So, kind of extreme, but we have done some startling research and hope that this is a road that will keep us away from the "C" word for the rest of our lives. One big driving force is wanting to have more kids. We want to make sure that I am healthy and stable and strong enough to have a healthy and normal pregnancy. We also want to make sure that I don't pass any residuals on to a new baby in the womb, and heavy metals are a big concern there. Plus, a fresh start is a great way to cleanse and move forward, and work on positive energy in a new, and hopefully enjoyable year ahead.
So here's to new beginnings, new horizons, and hopefully not having so many reminders that I am (technically) still a cancer patient.
I think I forgot that I had my own six month battle that I went through. Mine was so comparatively easy, that I keep forgetting that it happened. I feel good, my hair is coming back, I've (sadly) gained back all the weight I had lost, and now with Saoirse gone, and no more baby to take care of, I almost feel as if the past year and a half never happened. (ok, so this is a whole other can of worms that needs its own post... I'll get to that later.) Time is kind of stopped, and the world around me just sort of exists.

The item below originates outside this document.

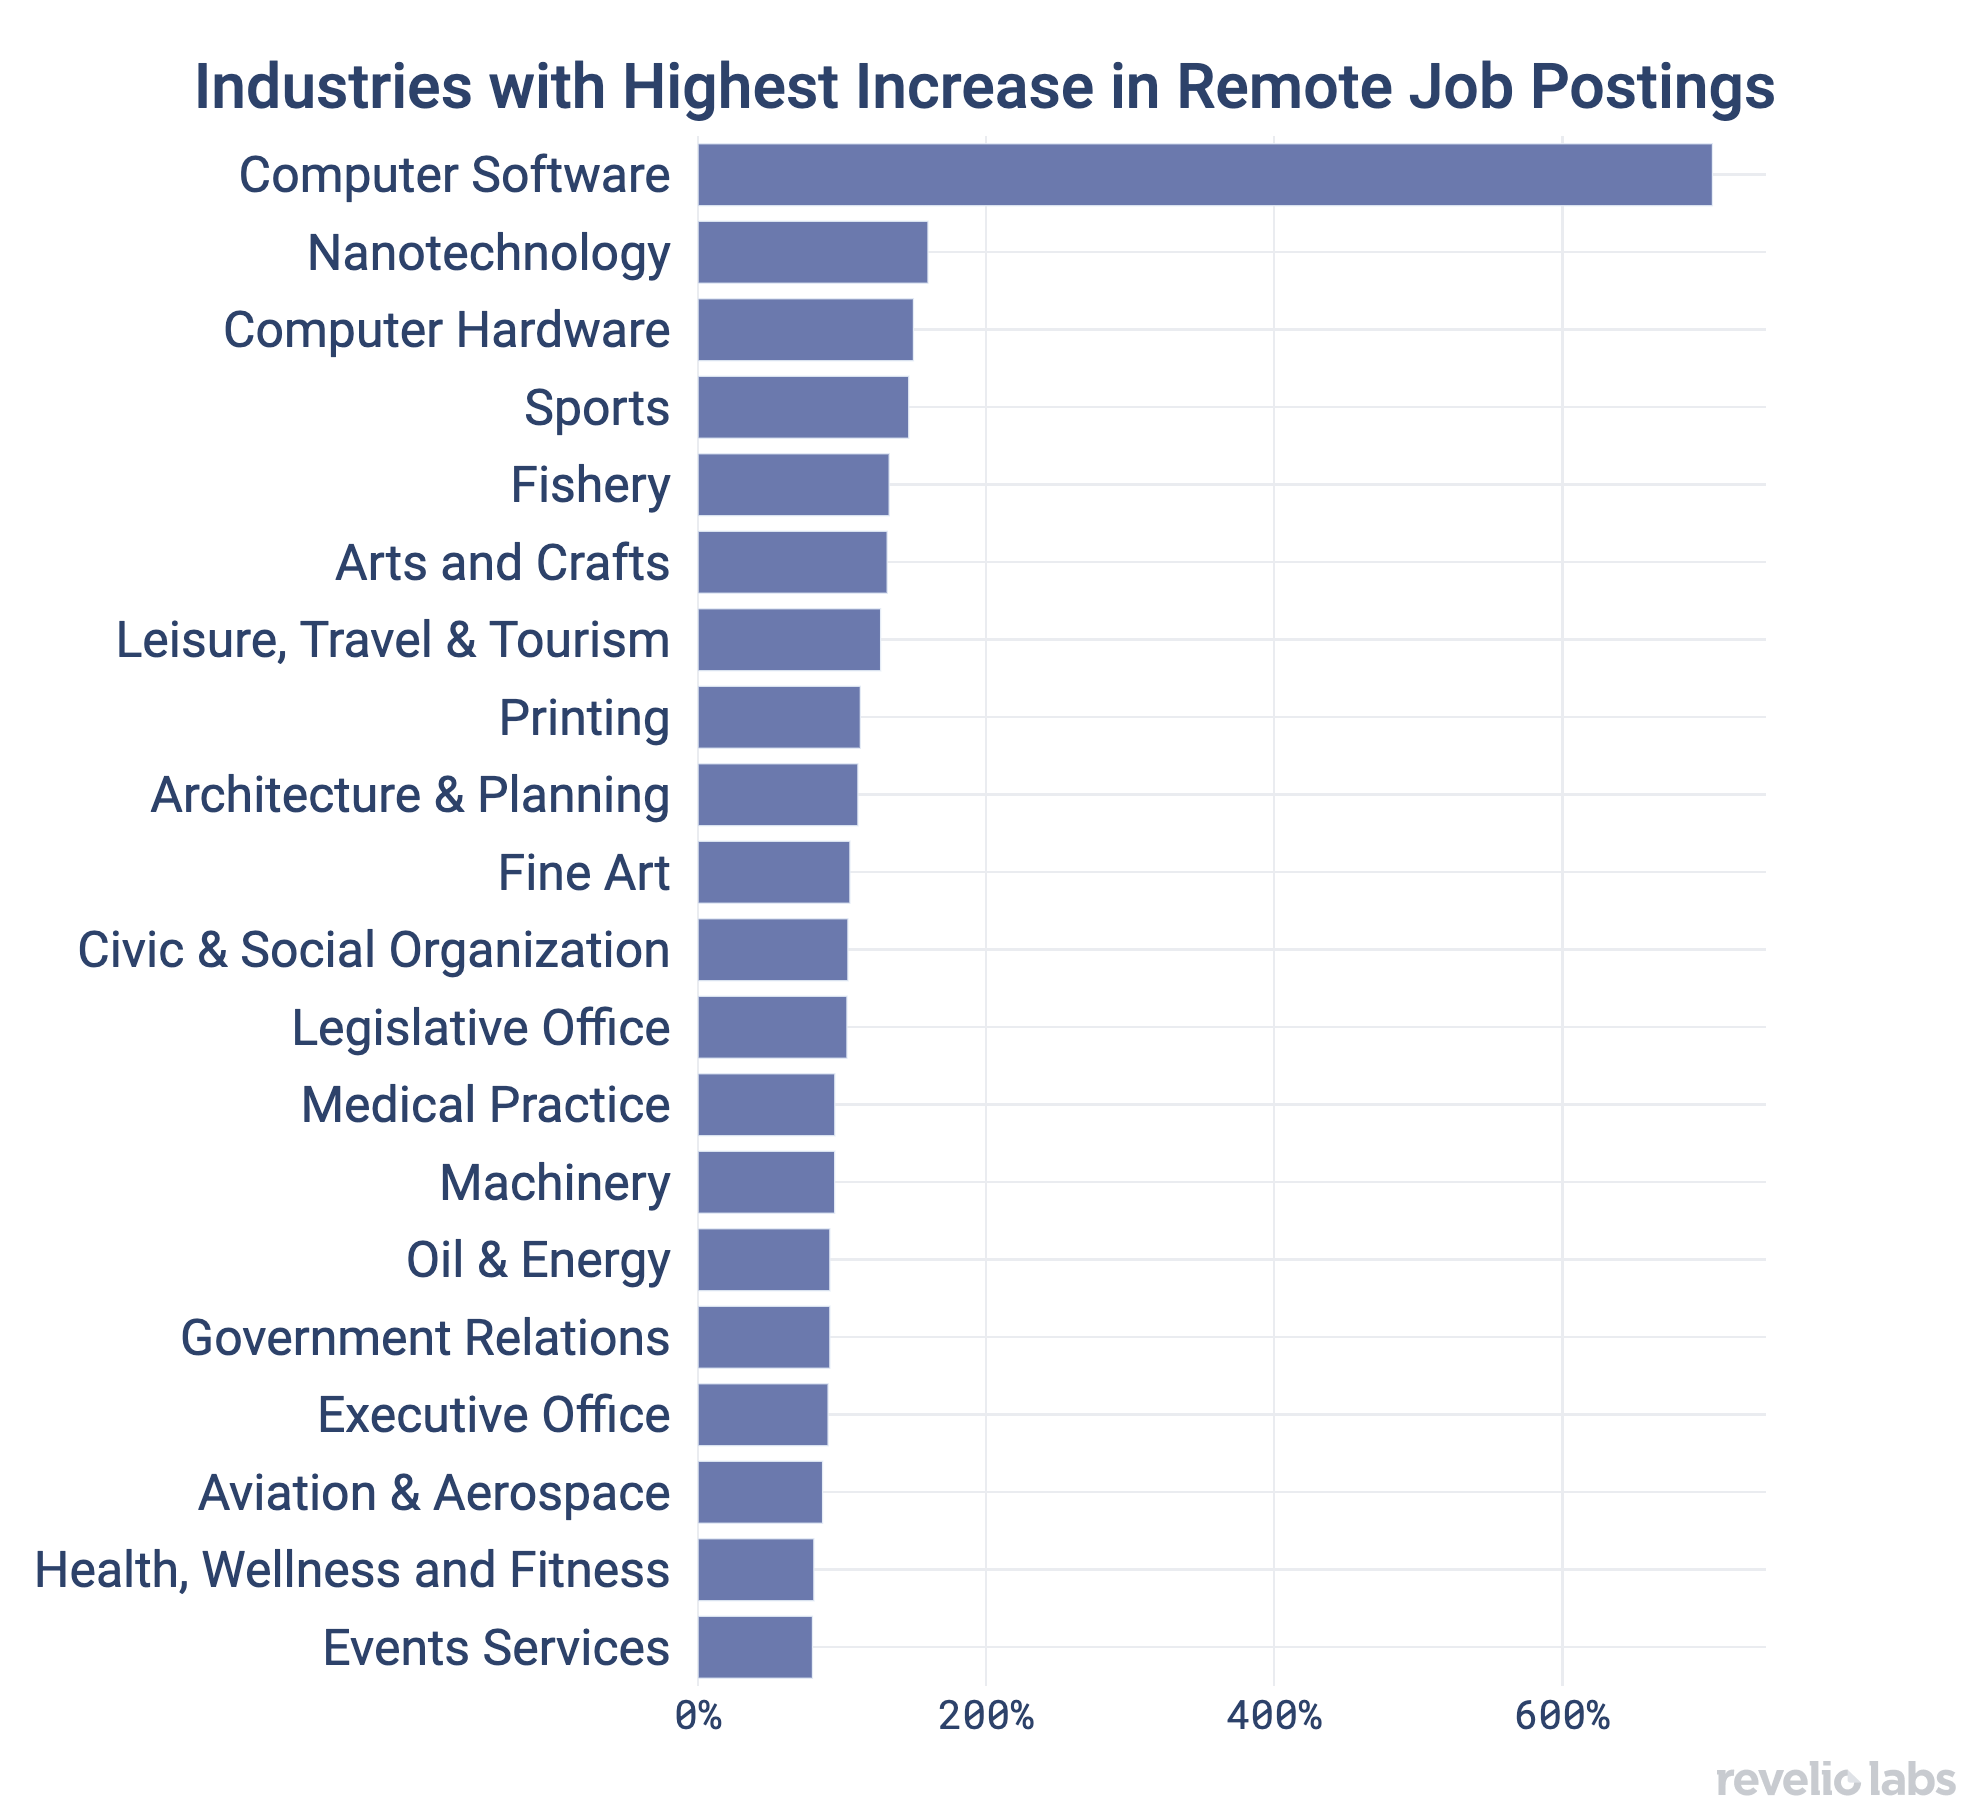 Industries with Highest Increase in Remote Job Postings
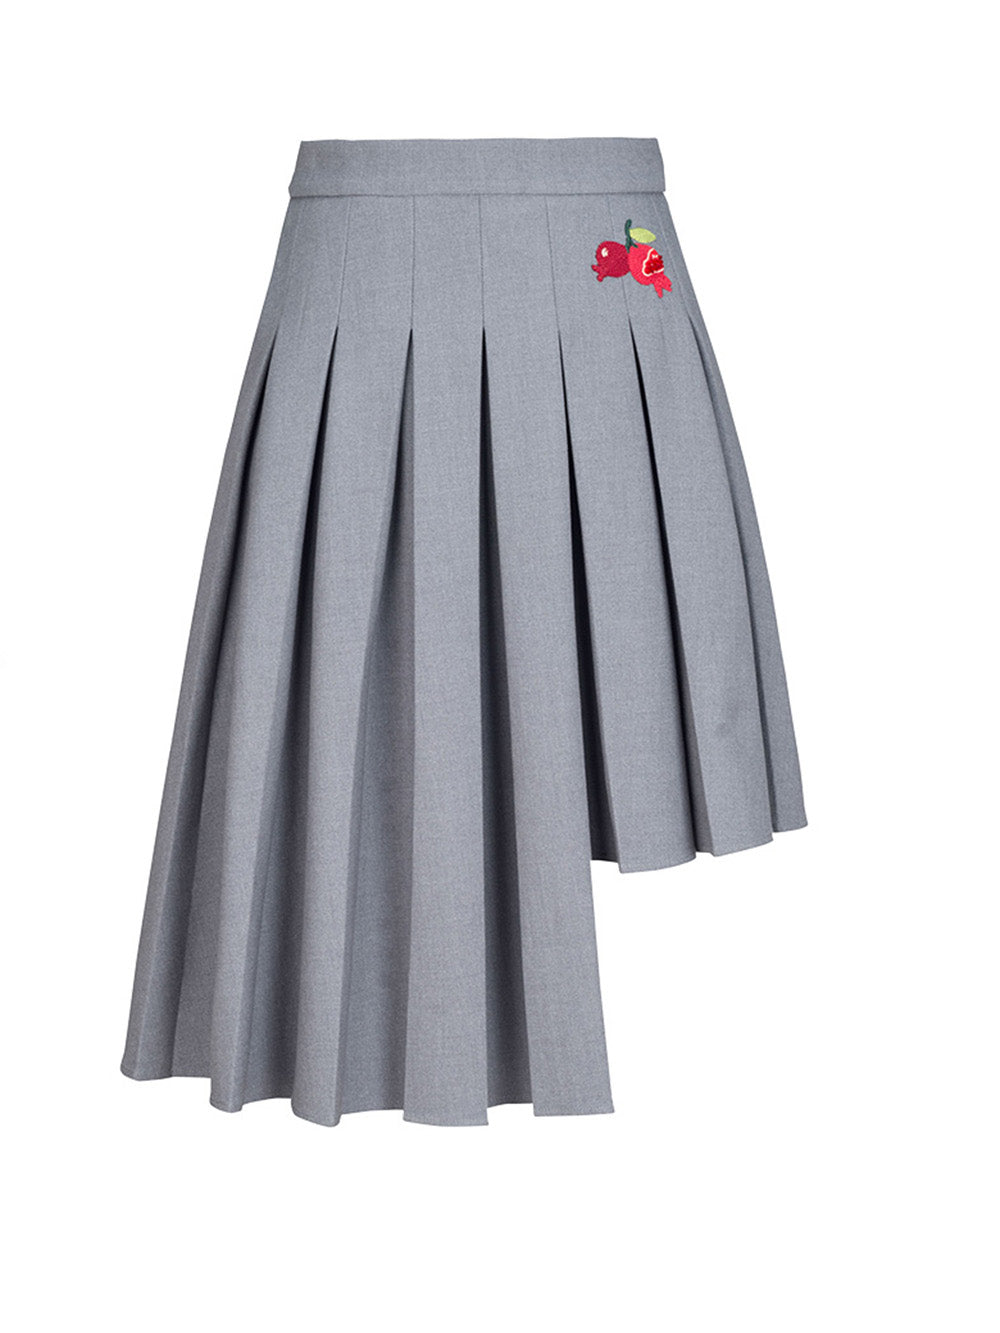 MUKZIN Irregular Embroidery Pleated High Low Gray Skirt

But then, all of a sudden, something will remind me. Usually its a mirror, as I still have a giantly obvious port in the middle of my chest. Or Mike will bring up the fact that he still worries about me. My first reaction is always "why," and then I say, "well, duh." Did I forget about those 6 months of chemo already? Was it so benign that it just doesn't even matter? Then I give myself a little mental slap and say "um hello! What is wrong with you? Did you forget or something?" I'm not sure how you forget that you had cancer. It seems like something that wouldn't get overshadowed by something else, unless that something else was pretty life changing - oh wait, I guess that was 2011 for the Fitzgeralds.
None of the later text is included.